The experience of being a one-hit wonder has always fascinated me, especially when that one hit comes your first time out of the gate, and Jimmy Ray provides an exceptionally pure example of the form. He must have imagined, at least on some level, that this was just the beginning. Right? That it was the start of years of fame, of attention, of interviews with music journalists where his musings about the artistic intention behind his next album would meet with rapt, respectful attention. How did it feel, then, to launch his career, see it succeed beyond all reasonable expectations, and then have it all immediately taken away? I can speculate, but only those who have experienced it can really know. Probably most of them make their peace with it. After all, the only reason to try to make a career playing music is that you love playing music, as that love is usually the only reward you’ll ever get. So maybe it’s easy to accept your moment in the spotlight as simply a cherry on top of the sundae of a career doing the thing that you love. But maybe not. Maybe it haunts you forever, poisoning the rest of your life with the question of what might have been.

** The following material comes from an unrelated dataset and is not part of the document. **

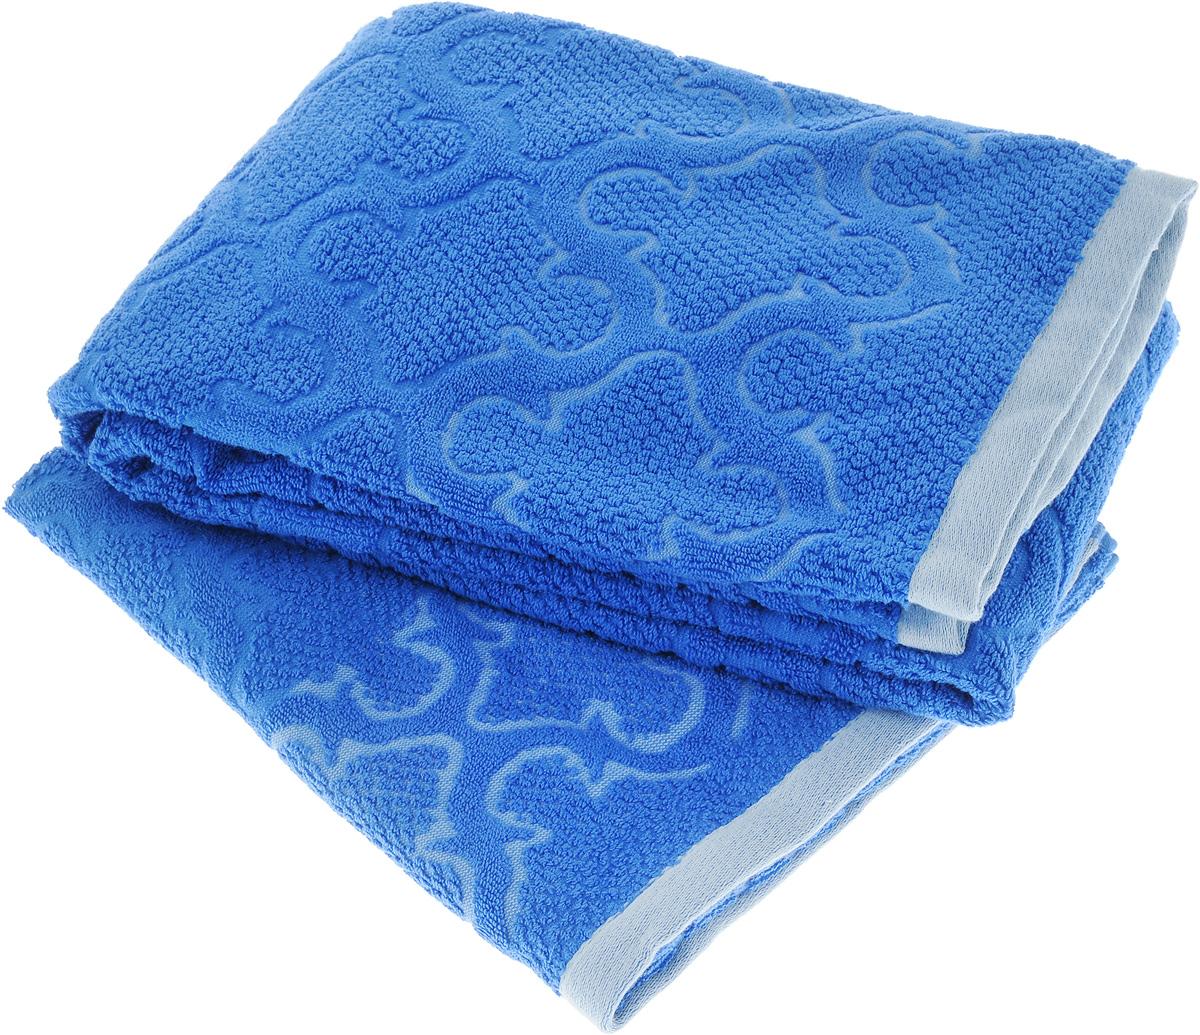 Набор махровых полотенец Toalla Лагуна, цвет: синий, 2 шт92717301Набор Toalla Лагуна состоит из 2 прямоугольных махровых полотенец, выполненных из 100% хлопка. Ткань полотенец обладает высокой плотностью и мягкостью, отличается высоким качеством и длительным сроком службы. В процессе эксплуатации материал становится только мягче и приятней на ощупь. Египетский хлопок не содержит линта (хлопковый пух), поэтому на ткани не образуются катышки даже после многократных стирок и длительного использования. Сверхдлинные волокна придают ткани характерный красивый блеск. Полотенца отлично впитывают влагу и быстро сохнут. Такой набор красиво дополнит интерьер ванной комнаты и станет практичным приобретением. Полотенца оформлены изысканным рельефным орнаментом.

The thing is, that question about which I’ve idly speculated for so long has suddenly developed a certain urgency for me. This year I’ve experienced a rise to fame as unexpected and instantaneous as Jimmy Ray’s. And I have to tell you: I really, really like it. I like getting recognized in public, being invited to speak in front of crowds, receiving little framed awards from politicians, seeing Padma Lakshmi praise me on Twitter. It feels amazing, and I don’t want this feeling to go away. But in the back of my mind I know that all the interest and attention and praise I’m receiving right now may disappear as quickly as Jimmy Ray’s second single. How would that feel? Would it break me? Would I spend my life pathetically trying to reclaim that spotlight? Or will I think, oh well, that’s a bummer, but I got a bunch of memories and a million dollars out of the deal, and then just move on with my life? That would be the healthy way to go, but at times I find it hard to picture myself bowing out gracefully.
From what little I can find online, Jimmy Ray stayed in and around the business. He did some work as a producer for a while, and eventually, perhaps inevitably, released a “comeback” album in 2017. The lead single off that album had racked up a total of 8,701 listens on Spotify before I became the 8,702nd. It is a cover of his one hit. But, somewhat poignantly, this time he chose to release it under a different title: “Who Wants To Know?” The answer, as he must have suspected, is “basically nobody.” But Jimmy, if you’re out there: I do. I do want to know.